Ошибался, но вовсе не печалился. И как, о Аллах всесильный, можно печалиться, если рядом с тобой – ожившая греза, девушка, ради которой ты готов свернуть горы, снять звезду с неба, наконец, назваться другим именем?! И потому, вновь пораженный увиденным, халиф наслаждался новыми открытиями.
Но Джамиля хмурилась. К счастью, не ее спутник заставлял тревожно биться ее сердечко. Впервые за десять лет девушка видела, как быстро затягивают черные грозовые облака прозрачно-высокое небо над городом, чувствовала, как крепчает ветер, уже не колышущий, а рвущий в клочья занавеси на все еще распахнутых окнах. Вот ее щек коснулся холод. Вот в воздухе послышался запах влаги.
«О Аллах, нас ждет дождь! – подумала Джамиля. Но резкий порыв ветра, подтвердив ее опасение, вызвал к жизни и настоящий страх. – О нет, это будет не просто дождь… Это будет ливень! Но где же нам укрыться от него? Как уберечься?»
Девушка посмотрела по сторонам. Удивительно, ей казалось, что это она ведет Клавдия по городу, но улицы, что лежала перед ней, она не знала.
– Аллах милосердный, как же нам выбраться отсюда?
– Выбраться, моя прекрасная? Но зачем?
– Вскоре начнется настоящая буря, глупый иноземец. А этих кварталов я почти не знаю. Похоже, что мы где-то у полуночных стен Багдада.
– О прекраснейшая, вот тут я, как ни странно, могу просветить тебя. Эти места мне знакомы. Вокруг нас то, что на моей родине называется деловыми кварталами: сюда на службу приходят ростовщики и банкиры, купцы и смотрители караванных путей.
Джамиля побледнела – она очень хорошо представляла, как далеко от дома оказалась.

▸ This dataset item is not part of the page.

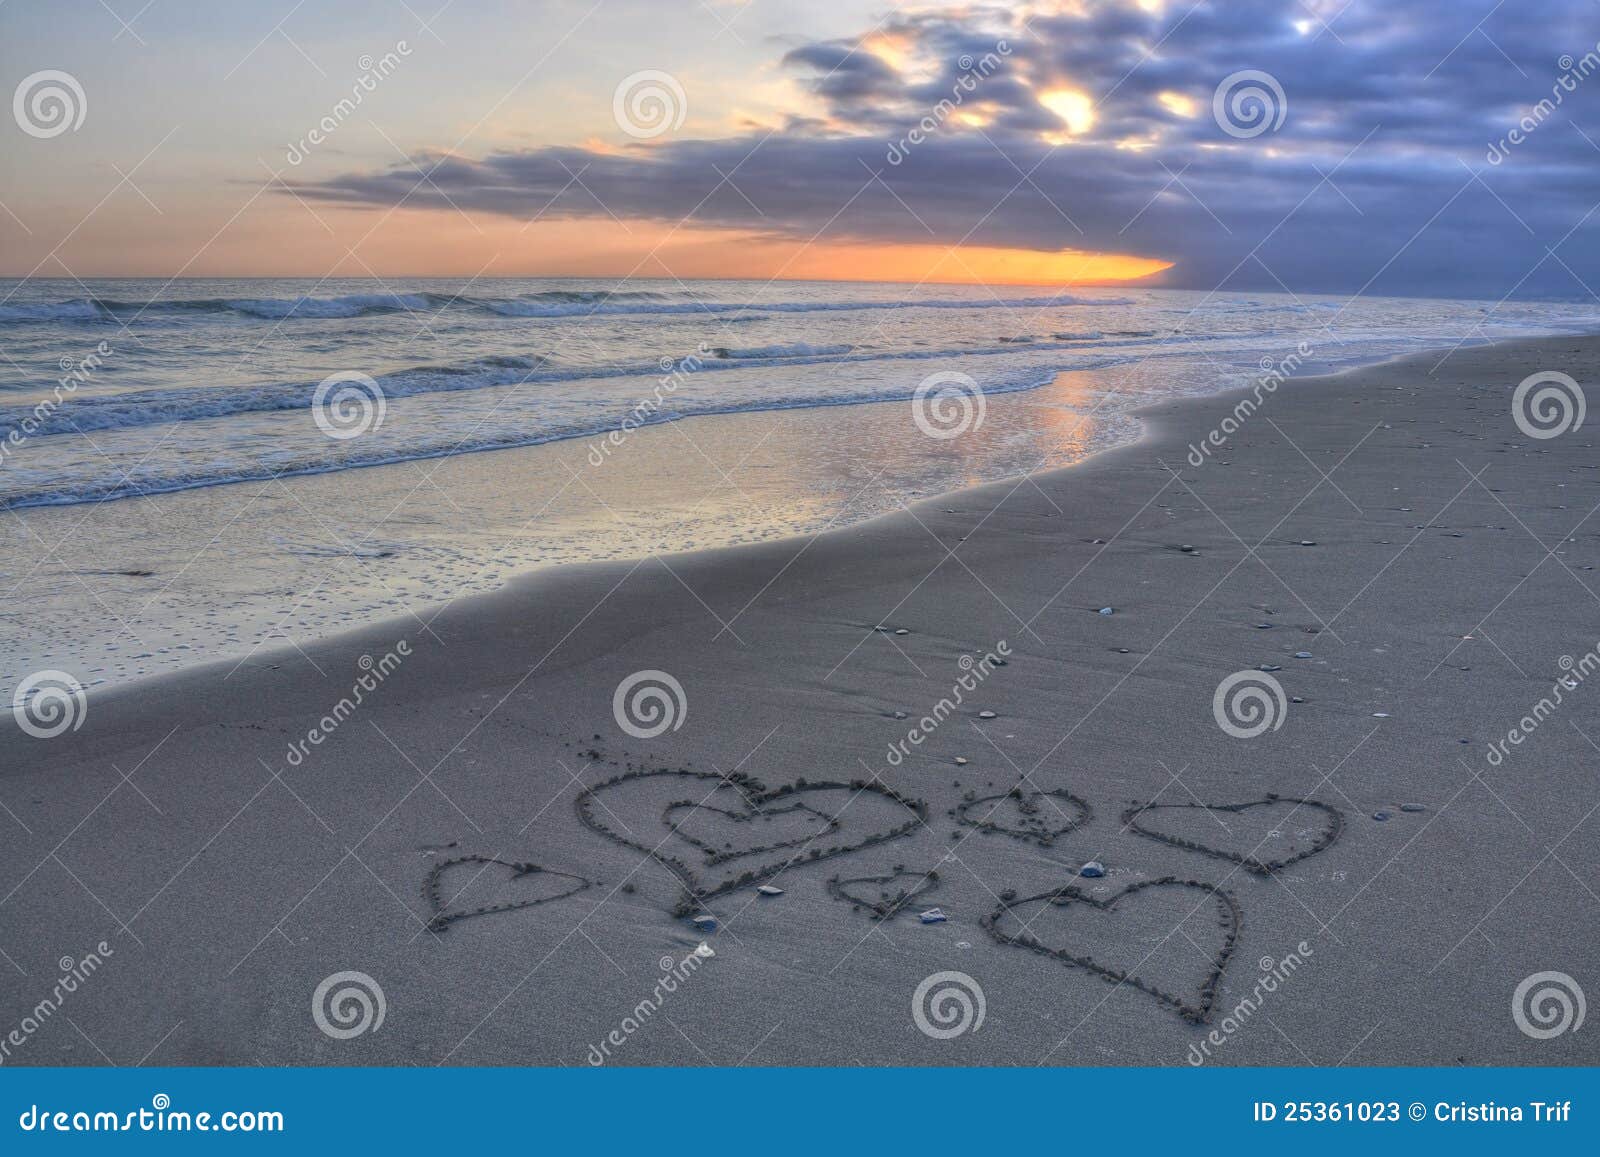 hearts on costa del sol beach
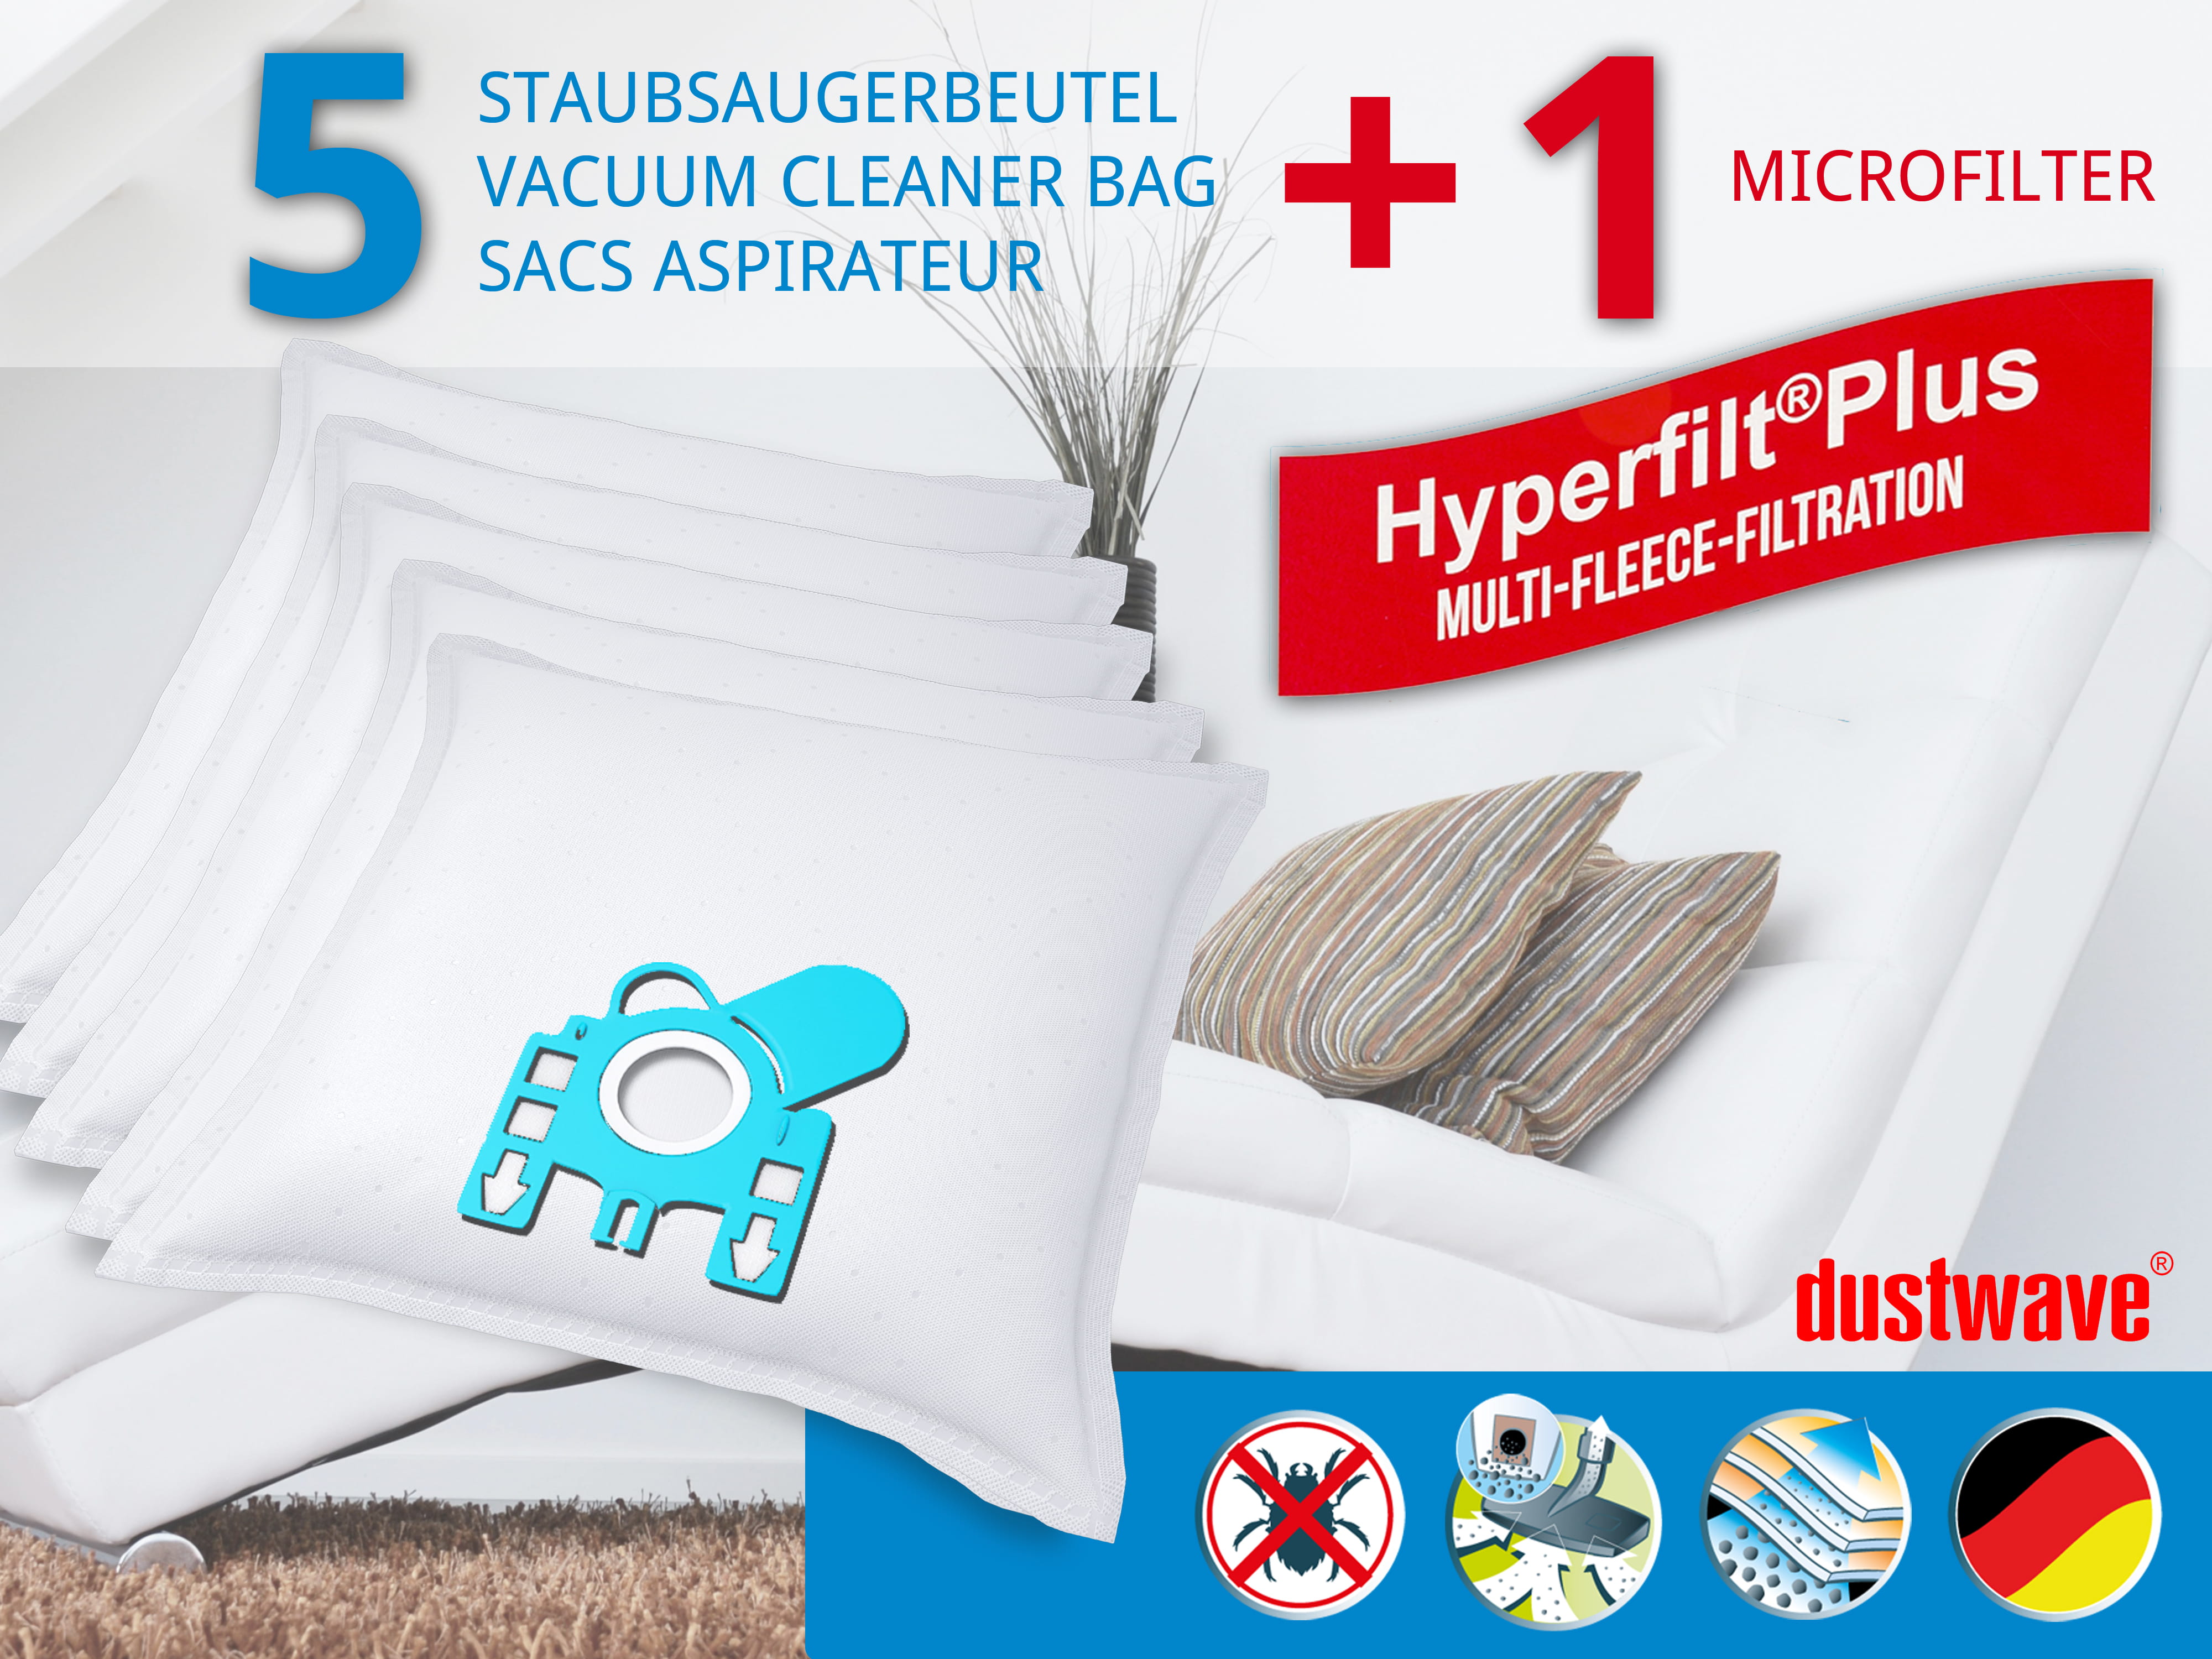 Dustwave® 5 Staubsaugerbeutel für Miele S439i / S 430 i - hocheffizient, mehrlagiges Mikrovlies mit Hygieneverschluss - Made in Germany

И мысль о том, что придется возвращаться под проливным дождем, пусть даже и не в одиночку, заставила ее впасть в уныние.
– Но почему ты так опечалилась, о Джамиля? – спросил халиф. О, он, оказывается, был не менее проницателен, чем любой другой мужчина. Особенно когда дело касалось его девушки. Ну, конечно, еще не совсем его девушки. Но Гарун аль-Рашид уже успел привыкнуть к мысли, что эта тоненькая красавица с необыкновенным украшением на шее и удивительными глазами – его суженая. И потому уподобился всем влюбленным, которые видят даже тень печали на лице своих избранниц. Причем чаще всего видят именно тогда, когда никакой печали нет.
– Увы, мой добрый Клавдий, – произнесла девушка. – Я далеко от дома, вскоре нас застигнет непогода… И мы нигде не сможем укрыться. А до моего дома ох как неблизко. И мы можем превратиться в двух мокрых куриц еще до того, как доберемся до горящего очага и сможем хоть слегка согреться.
О, как радовали слух халифа слова «мы можем»! Как бы он хотел, о нет, он бы мечтал, чтобы эти нежные уста всегда говорили только так: мы… «Полцарства, о нет, почти все царство отдал бы я за это… И да хранит меня Аллах всесильный и всемилостивый, если не сдержу этого слова!»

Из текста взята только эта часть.